There is quite a substantial amount of interesting material in Margaret Thatcher’s water-tight response – some of which may point to a future resolution to the on-going tension between Argentina and the UK. Suffice to say, though, that the Prime Minister assured Casaroli that “we were not fighting the Argentine in Argentina”, but “[a]ll we were saying to them was ‘Please go home and leave The Queen’s people and The Queen’s territory.’” It was after Casaroli’s assurances that the Pope understood Britain’s position that Margaret Thatcher reportedly went on to say: “there could not be a compromise between right and wrong.”
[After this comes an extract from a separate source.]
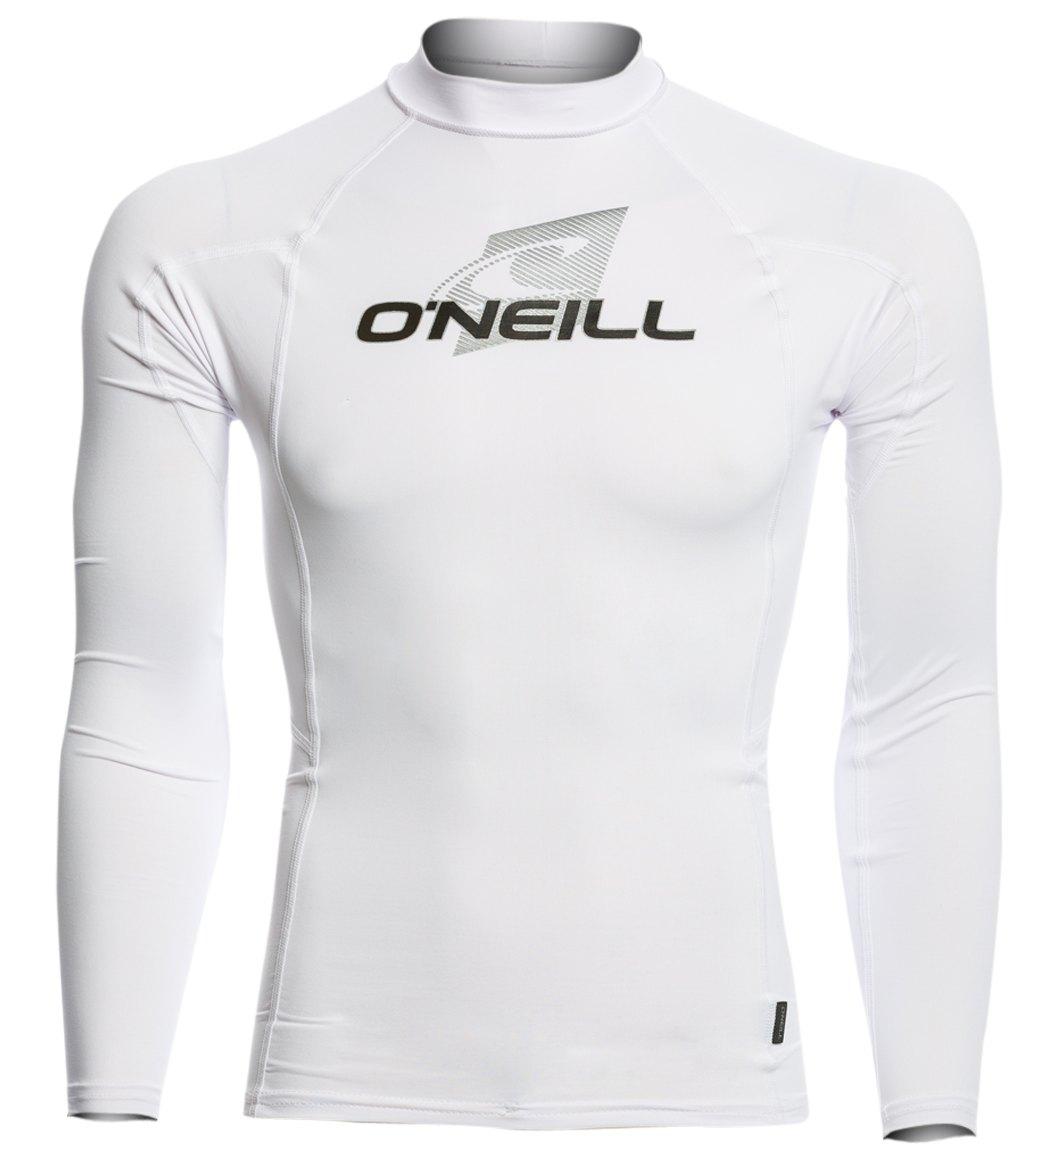 07cfb32f3 O'Neill Men's Skins Long Sleeve Crew Rashguard at SwimOutlet.com

John Paul II feared the collapse of Argentina's military junta
In a post-Papal visit dispatch from Rome (p 12-13), sent by Ronald Reagan's personal envoy to the Holy See through a British friend of his, Earl de la Warr, it was emphasised by Archbishop Silvestrini that John Paul II wanted to save the military junta in Argentina.
This is why the Pope appeared to be less sympathetic to the British cause during the crisis -- for he didn't want the UK to defeat the military regime, which might herald an end to the Argentine dictatorship and therefore a new pro-Soviet (Peron-type) government. Like the then US President, Pope John Paul's anti-Communist fears out-weighed any concerns he may have had for those British who had been unjustly occupied by a tyrannical regime. Thank goodness, therefore, for Maggie Thatcher's sense of moral purpose: "there could not be a compromise between right and wrong"!
Thatcher's arguments helped a Cardinal see sense
One of the last documents in the file, though it appears as one of the first (i.e. being most recent), was a dispatch from a Foreign Office official giving details about a conversation he had had with Archbishop Heim on 11 June 1982. After discussing John Paul II's then visit to Argentina, which immediately followed his recent successful trip to the UK, the Pro-Nuncio to Britain assured the Foreign Office that Cardinal Casaroli had been won over by the Prime Minster during their long conversation on the evening of 28 May. Heim reported that Casaroli had told him: "After all we should remember that it was General Galtieri who threw the match into the gun power!"
It's good to know that Margaret Thatcher helped Cardinal Casaroli see some sense in this matter.